Electronic instruments such as [[electricity meter]]s and [[Real-time clock|digital clock]]s often use polynomials to compensate for introduced errors, e.g. from temperature or power supply voltage. The coefficients are produced by [[polynomial regression]]. Binary fixed-point polynomials can utilize more bits of precision than floating-point and do so in fast code using inexpensive CPUs. Accuracy, crucial for instruments, compares well to equivalent-bit floating-point calculations, if the fixed-point polynomials are evaluated using [[Horner's method]] (e.g. {{math|1=''y'' = ((''ax'' + ''b'')''x'' + ''c'')''x'' + ''d''}}) to reduce the number of times that rounding occurs, and the fixed-point multiplications utilize rounding addends.

==Operations==
{{Unreferenced section|date=May 2023}}
===Addition and subtraction===
To add or subtract two values with the same implicit scaling factor, it is sufficient to add or subtract the underlying integers; the result will have their common implicit scaling factor and can thus be stored in the same program variables as the operands.  These operations yield the exact mathematical result, as long as no [[arithmetic overflow|overflow]] occurs—that is, as long as the resulting integer can be stored in the receiving program [[variable (computing)|variable]]. If the operands have different scaling factors, then they must be converted to a common scaling factor before the operation.

===Multiplication===
To multiply two fixed-point numbers, it suffices to multiply the two underlying integers, and assume that the scaling factor of the result is the product of their scaling factors. The result will be exact, with no rounding, provided that it does not overflow the receiving variable.

For example, multiplying the numbers 123 scaled by 1/1000 (0.123) and 25 scaled by 1/10 (2.5) yields the integer 123×25 = 3075 scaled by (1/1000)×(1/10) = 1/10000, that is 3075/10000 = 0.3075.   As another example, multiplying the first number by 155 implicitly scaled by 1/32 (155/32 = 4.84375) yields the integer 123×155 = 19065 with implicit scaling factor (1/1000)×(1/32) = 1/32000, that is 19065/32000 = 0.59578125.

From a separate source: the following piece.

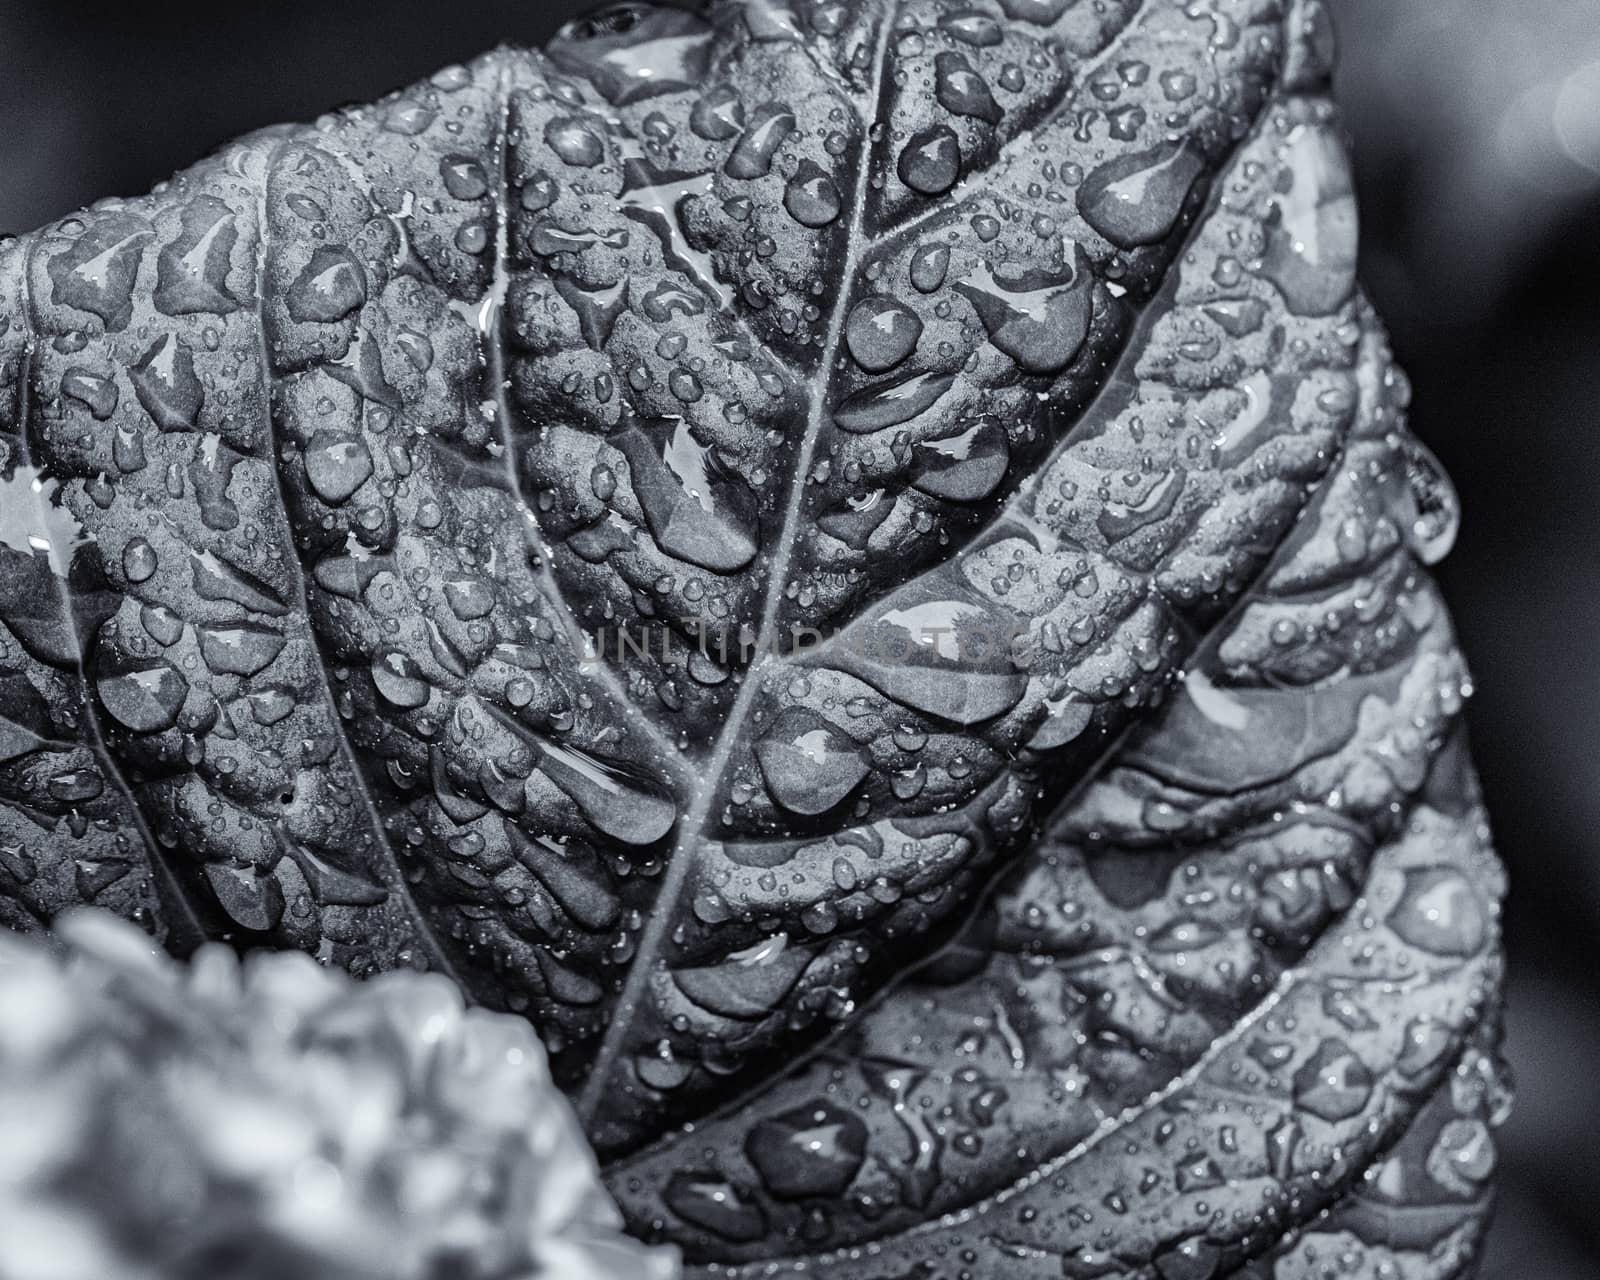 Monochrome View Of Wet Leaf by CharlieFloyd

In binary, it is common to use a scaling factor that is a power of two. After the multiplication, the scaling factor can be divided away by shifting right. Shifting is simple and fast in most computers. Rounding is possible by adding a 'rounding addend' of half of the scaling factor before shifting; The proof: round(x/y) = floor(x/y + 0.5) = floor((x + y/2)/y) = shift-of-n(x + 2^(n−1)) A similar method is usable in any scaling.

===Division===
To divide two fixed-point numbers, one takes the integer quotient of their underlying integers and assumes that the scaling factor is the quotient of their scaling factors.  In general, the first division requires rounding and therefore the result is not exact.

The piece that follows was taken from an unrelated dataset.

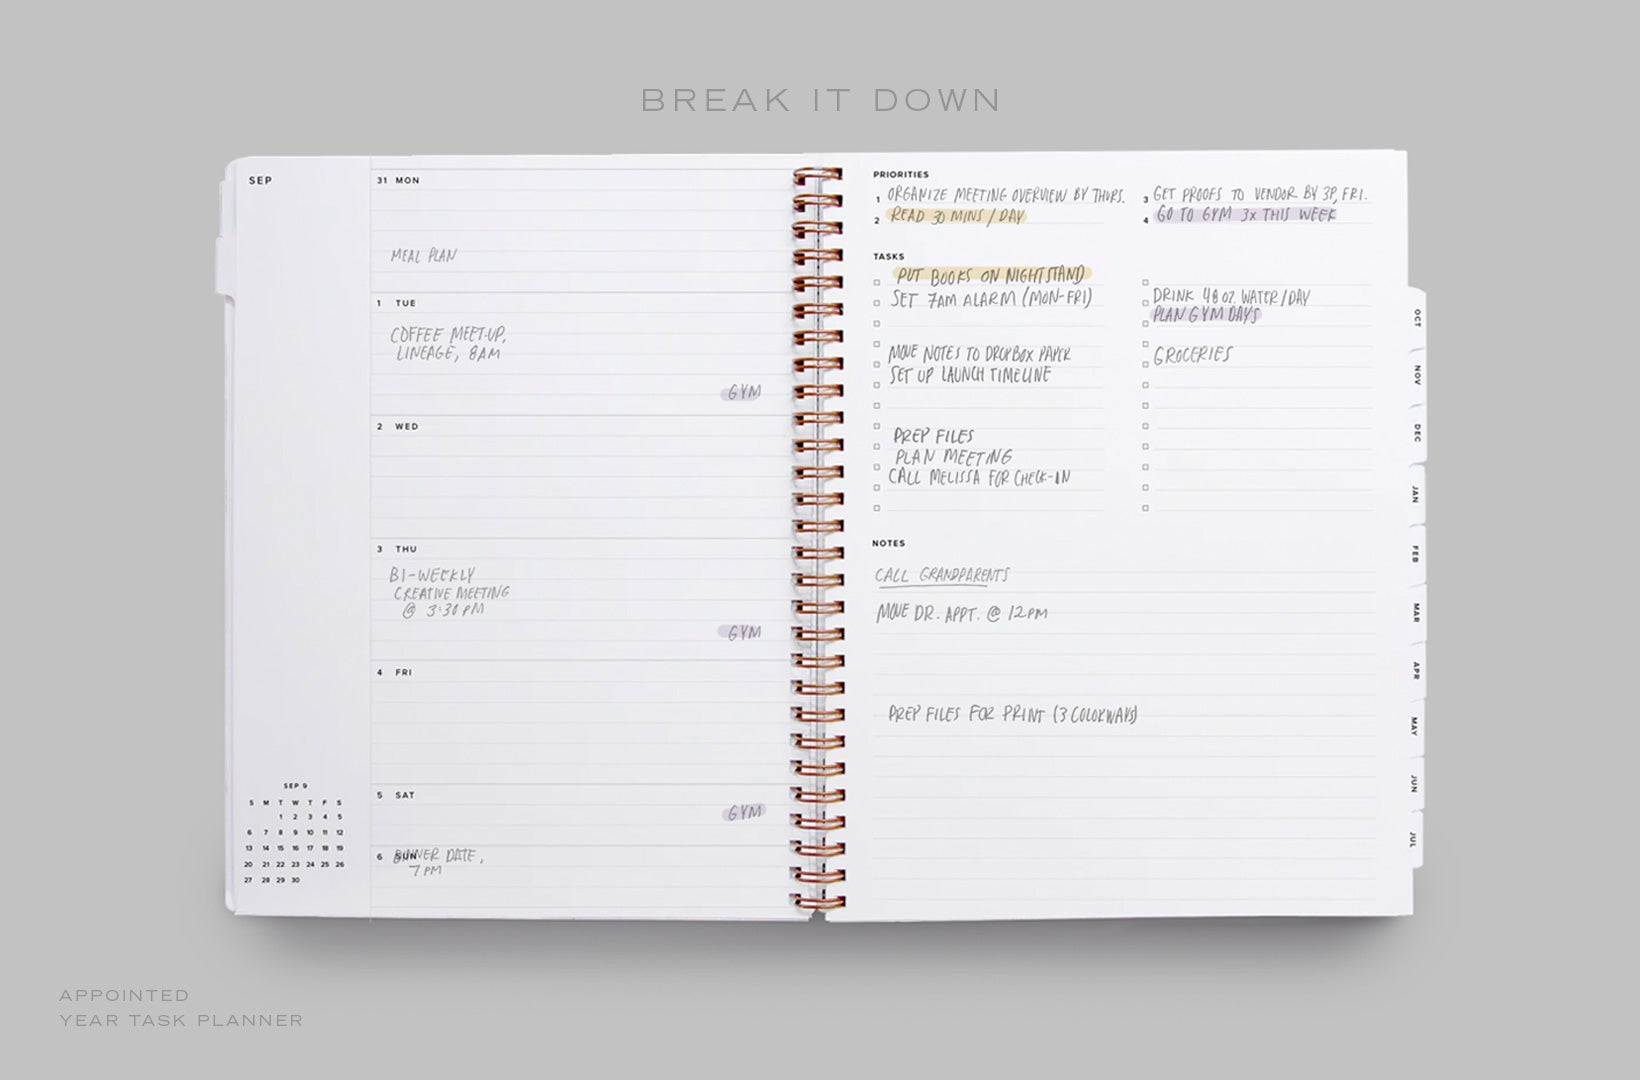 A Year Task Planner lies open to the weekly spread, with priorities, tasks, and schedule filled in

For example, division of 3456 scaled by 1/100 (34.56) and 1234 scaled by 1/1000 (1.234) yields the integer 3456÷1234 = 3 (rounded) with scale factor (1/100)/(1/1000) = 10, that is, 30.  As another example, the division of the first number by 155 implicitly scaled by 1/32 (155/32 = 4.84375) yields the integer 3456÷155 = 22 (rounded) with implicit scaling factor (1/100)/(1/32) = 32/100 = 8/25, that is 22×32/100 = 7.04.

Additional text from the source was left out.